Ну, раз уж мы коснулись этой темы, – сказал Старк, – солги мне что-нибудь про Сю-фонг.

Макото застыл.

Старк выждал несколько мгновений. Макото безмолвствовал. Старк сказал:

Думаю, твоя мать не рассказала тебе про третий способ. Лжец настолько запутывается во лжи, что не может вставить ни словечка.

Ни в чем я не запутался! – возразил Макото. – Ты никогда прежде о ней не спрашивал. Откуда ты узнал?

Побеседовал с У Чун Хином, – сказал Старк, глядя, как Макото тянет время, пытаясь понять, что еще известно отцу. – В ходе этой беседы и всплыло имя Сю-фонг.

Она не отвлекает меня от учебы, – сказал Макото. – Спроси любого из моих преподавателей, и они тебе ответят, что я учусь так же хорошо, как и всегда.

Да, ты человек ученый, – заметил Старк. – Наверное, ты решил приобрести этот опыт исключительно в литературных целях. Или, быть может, ты учишь ее английскому языку?

Это всего лишь развлечение, – сказал Макото. – Но всякий опыт имеет возможность отразиться в литературе.

Ты собираешься написать о ней книгу.

Я подумываю об этом.

Я так и полагал, что тебя может посетить эта идея.

Макото рассмеялся.

Ты никогда не читал ничего, кроме отчетов.

Если ты напишешь эту книгу, я ее прочту. У меня даже есть для нее название.

Да ну?

Да, – сказал Старк. – Я бы назвал ее «Бегство Чайнатаунского Бандита».

Броское название, – согласился Макото. Старк видел, что Макото до сих пор не уверен в том, насколько много ему известно. – Привлекает внимание. Хочется узнать, в чем же там дело.

Ну, как бы там ни было, Чайнатаунский Бандит вот-вот будет разоблачен, – сказал Старк. – И, что самое любопытное, он вообще не китаец.

Не китаец?

Нет, – подтвердил Старк. – Не китаец. А теперь могут произойти две вещи, одна плохая, а вторая еще хуже. Лучший вариант развития событий заключается в том, что его арестует полиция и он проведет ближайшие десять лет в тюрьме. Если, конечно, он там столько проживет. Хотя мне сомнительно, что в Сан-Квентине много любопытного с литературной точки зрения.
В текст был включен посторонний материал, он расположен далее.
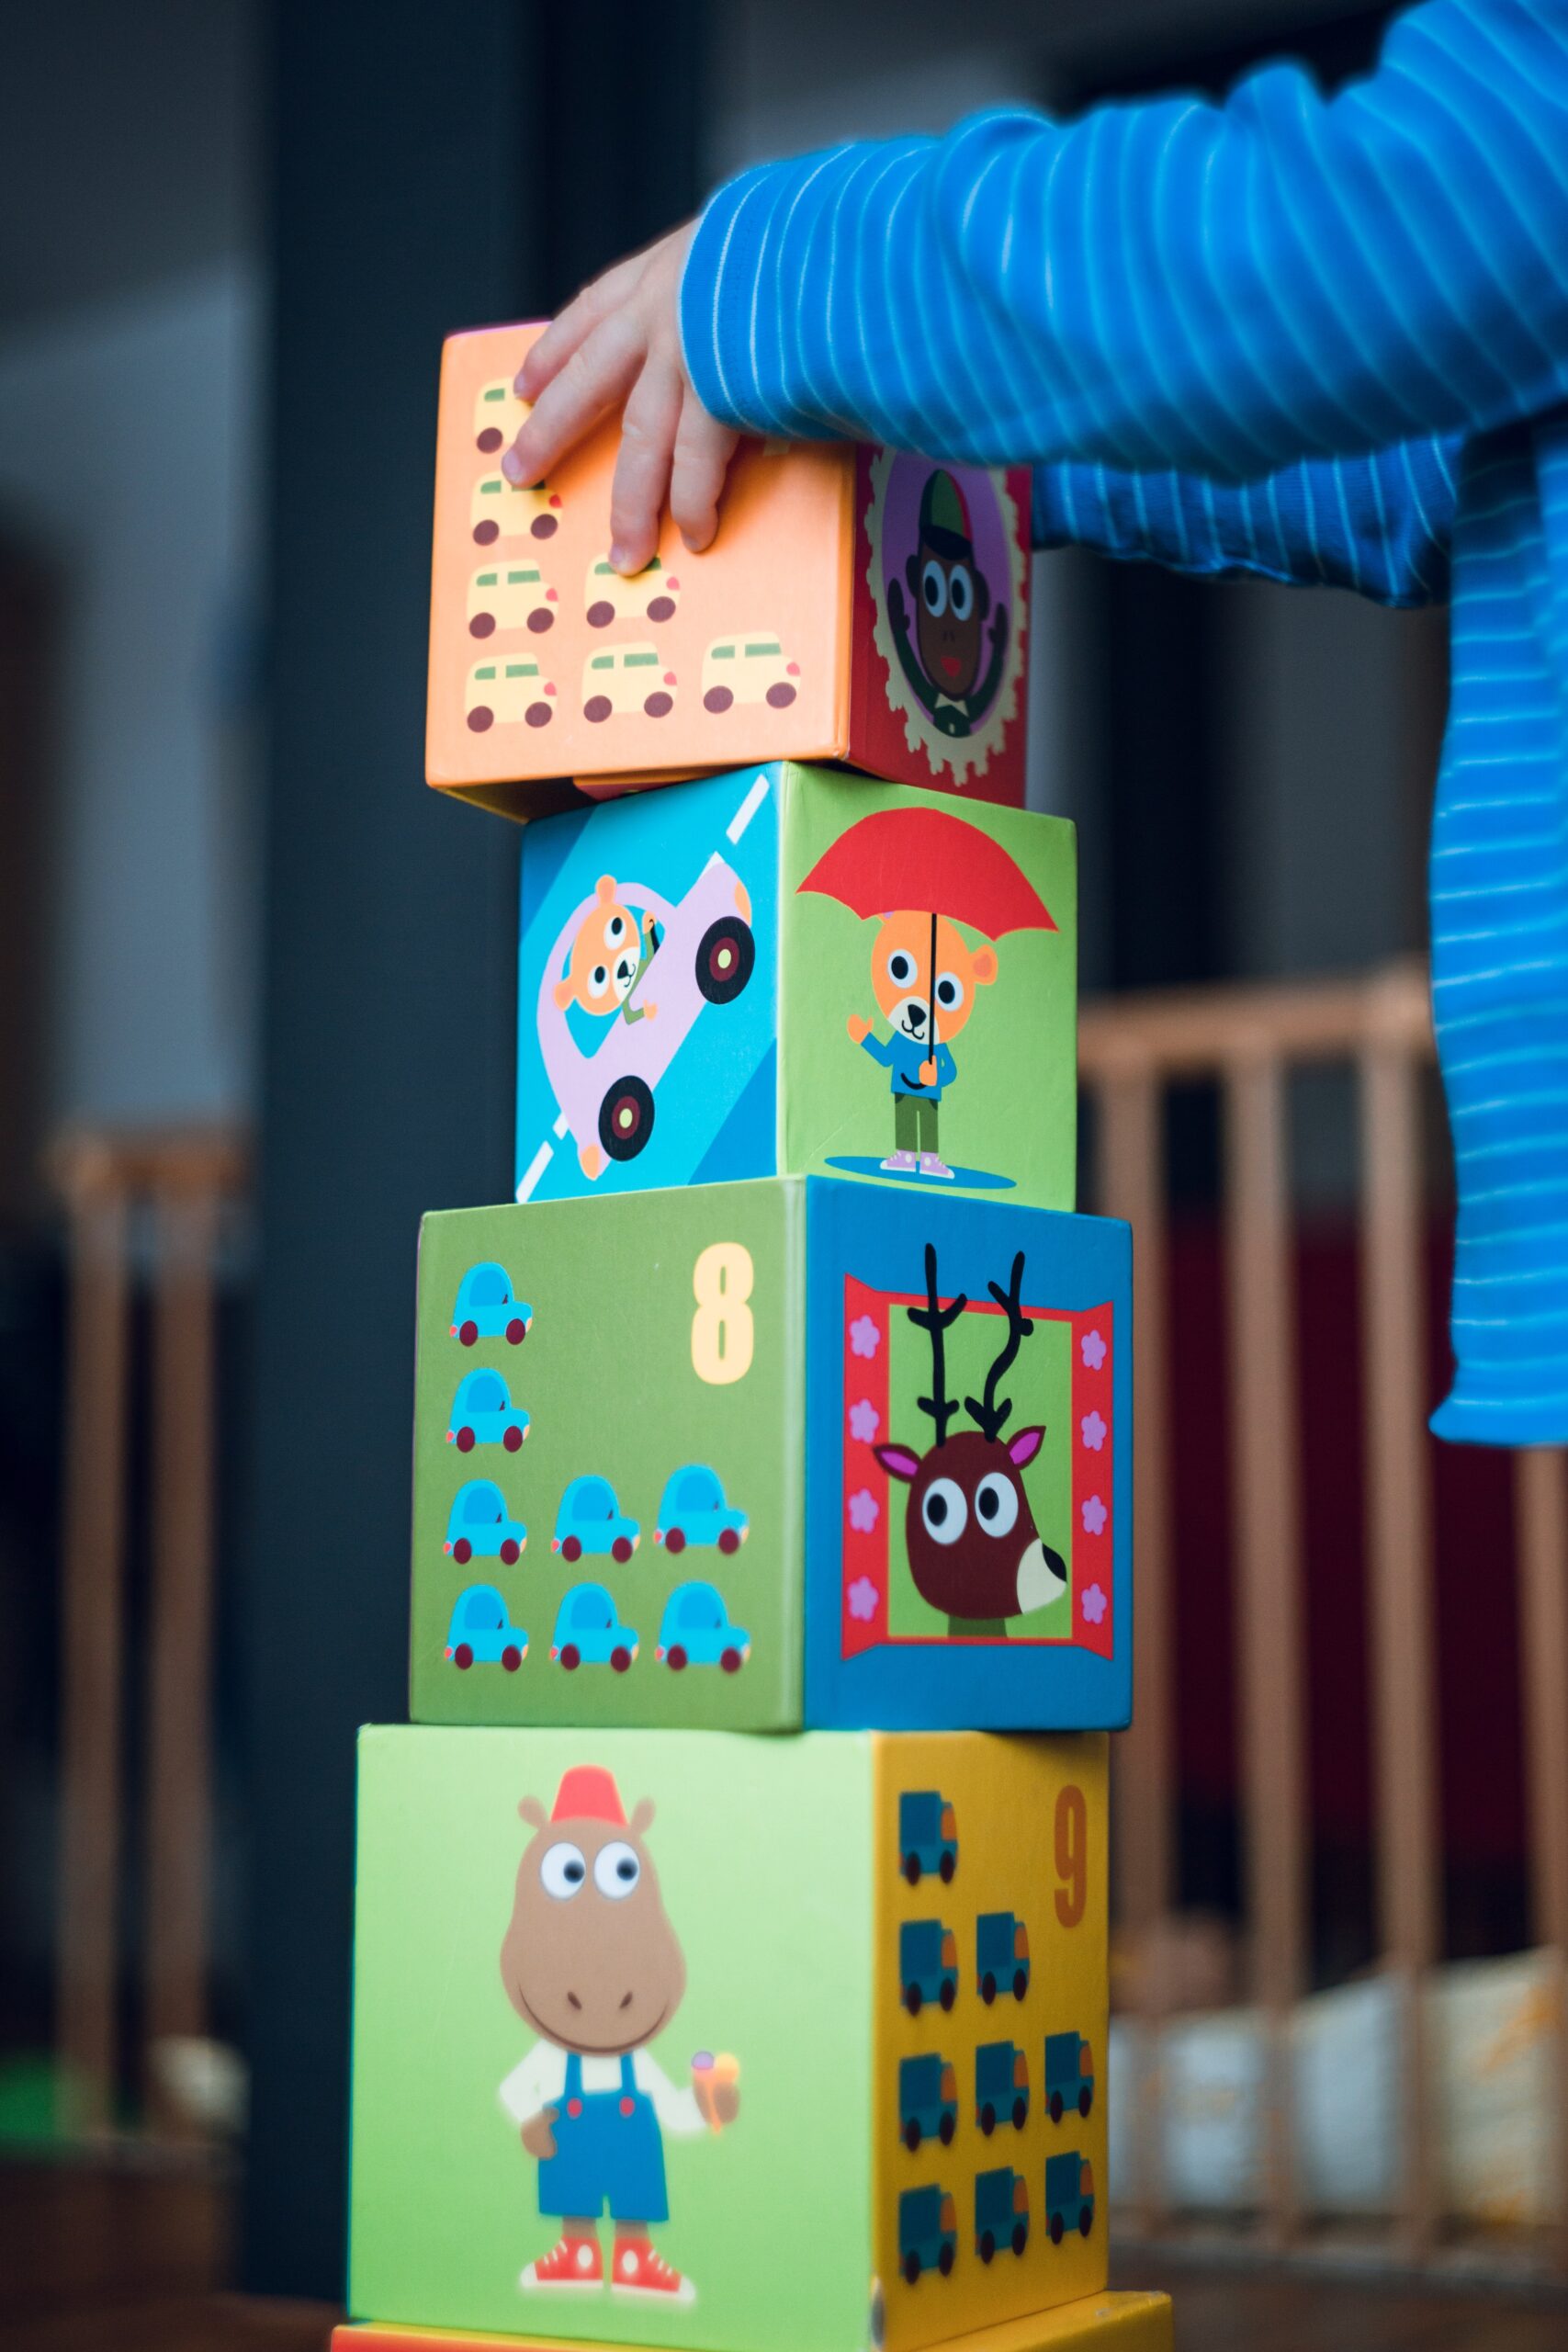 A child stacking blocks on top of each other image

Это – лучший вариант? – спросил Макото. – Да, звучит довольно мрачно. А каков худший?

Его убъют обозленные китайцы, – сказал Старк, – скорее всего, разделают заживо мясницкими ножами, потому что не слишком ему признательны за все те неприятности, которые он на них навлек, притворившись китайцем. А разделают его мясницкими ножами потому, что Бандит пользовался как раз китайским мясницким ножом, чтобы заставить людей думать, будто он китаец.

Хорошая деталь, – с непроницаемым лицом произнес Макото, – этот китайский мясницкий нож. Я и не думал, что у тебя столь богатое воображение.

Случается.

Похоже, твоя история неизбежно движется к трагедии, – сказал Макото. – Давай я немного поработаю над ней. Возможно, мне удастся добиться финала получше. Читатели предпочитают счастливый конец.

Не трудись, – отрезал Старк. – Я уже проработал конец.

И каков же он? Тюрьма или смерть?

Ни то, ни другое. Потому что произойдет неожиданный поворот сюжета. Любящий отец Бандита спасет своего сына, отослав его в Канаду прежде, чем полиция или китайцы успеют до него добраться.

В Канаду?

Совершенно верно, в Канаду, – согласился Старк, – и не для того, чтобы любоваться красотами севера. Бандит проведет год в Онтарио, на практике изучая добычу железной руды.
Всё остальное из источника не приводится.